Squash and Feta Fritters

For the Batter

100g plain flour
Pinch of Salt
2 eggs
200ml semi-skimmed milk

For the Filling

500g squash, grated
125g feta, crumbled
25g mint, chopped
2 shallots, finely diced
1 tbsp sunflower oil or vegetable, plus extra for frying

For the sauce

200g Greek yoghurt
25g mint, chopped
juice 1 lemon
1 clove garlic, crushed.

Make the batter first as it's best left to rest for 30 minutes. Put the flour in a bowl. Whisk the eggs with half of the milk. Make a well in the centre of the flour and pour in the egg / milk mix. With a balloon whisk or fork slowly pull the flour into the egg mix as you whisk so it forms a smooth batter. Add the rest of the milk to thin the batter.

Next make the sauce by simply mixing all the ingredients together.

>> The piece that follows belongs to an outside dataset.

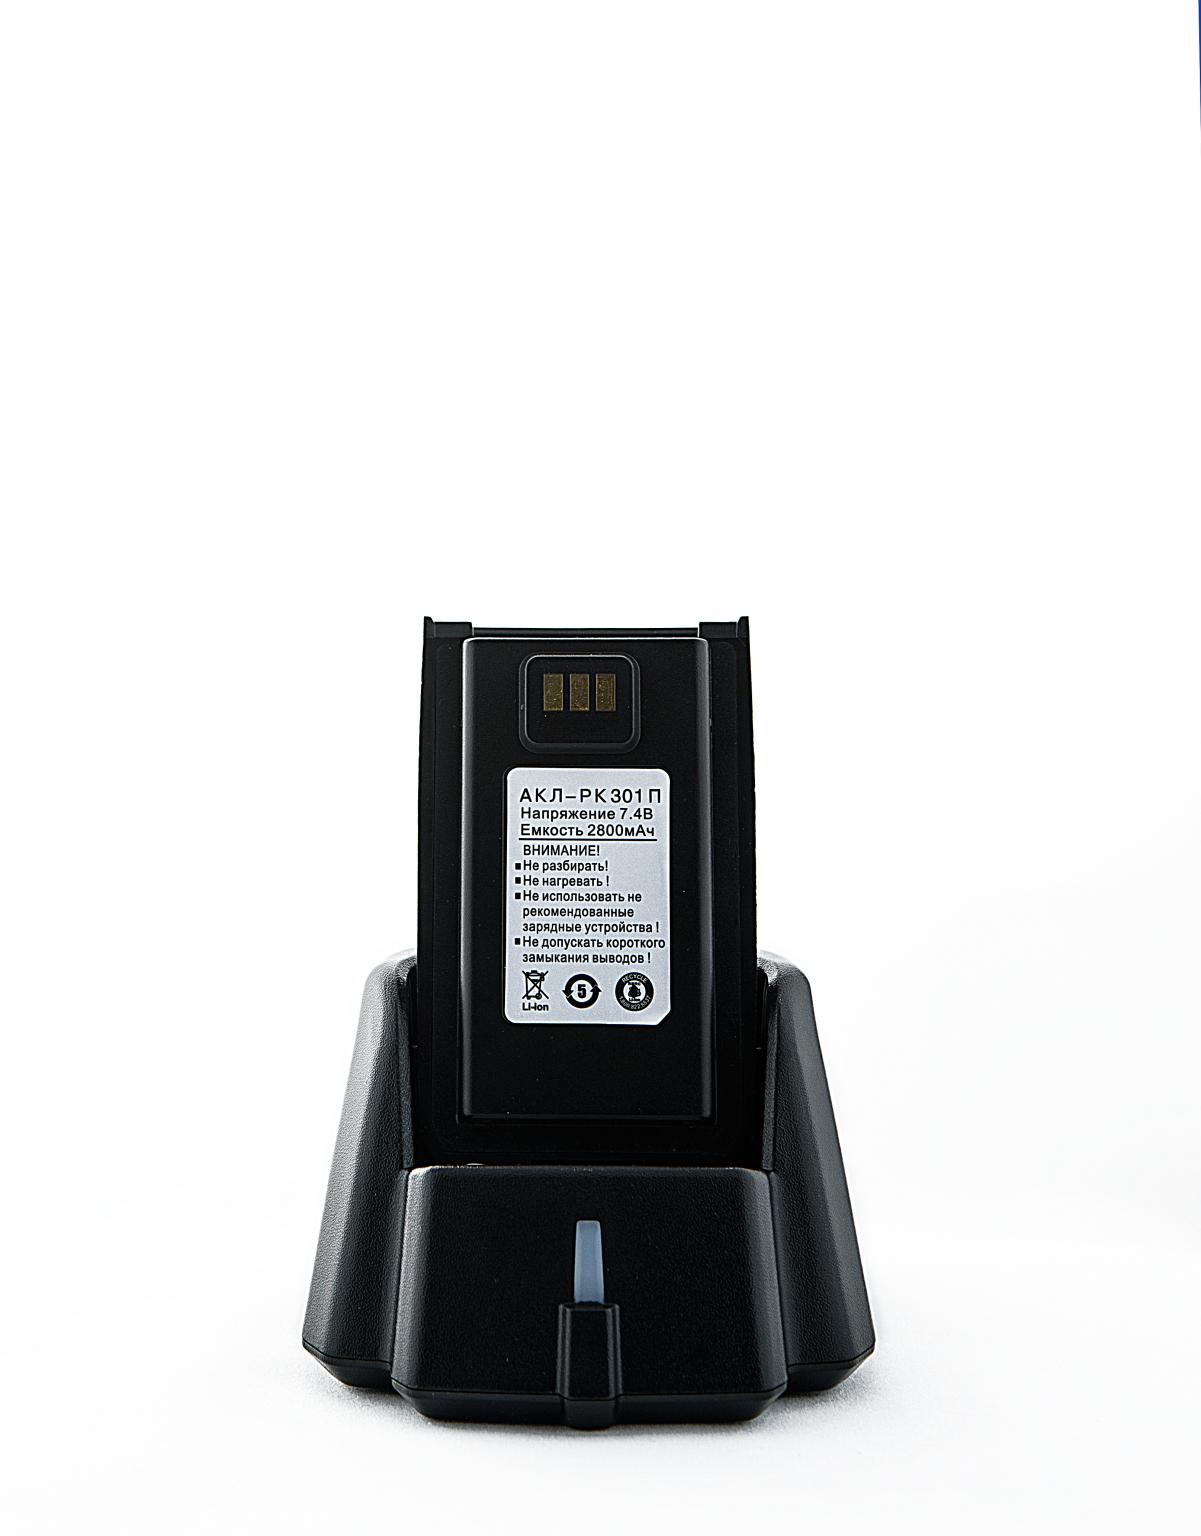 Аккумулятор для рации Терек РК301

Finally, add the filling ingredients to the batter and mix through. Heat the oil in a pan over a medium heat until it starts to smoke. Then add three or four table spoons of mix to separate corners or the pan to form the fritters. Fry for 2 minutes then turn and fry for a further 2 minutes. Put the fritters in a low oven to keep warm as your fry the next batch.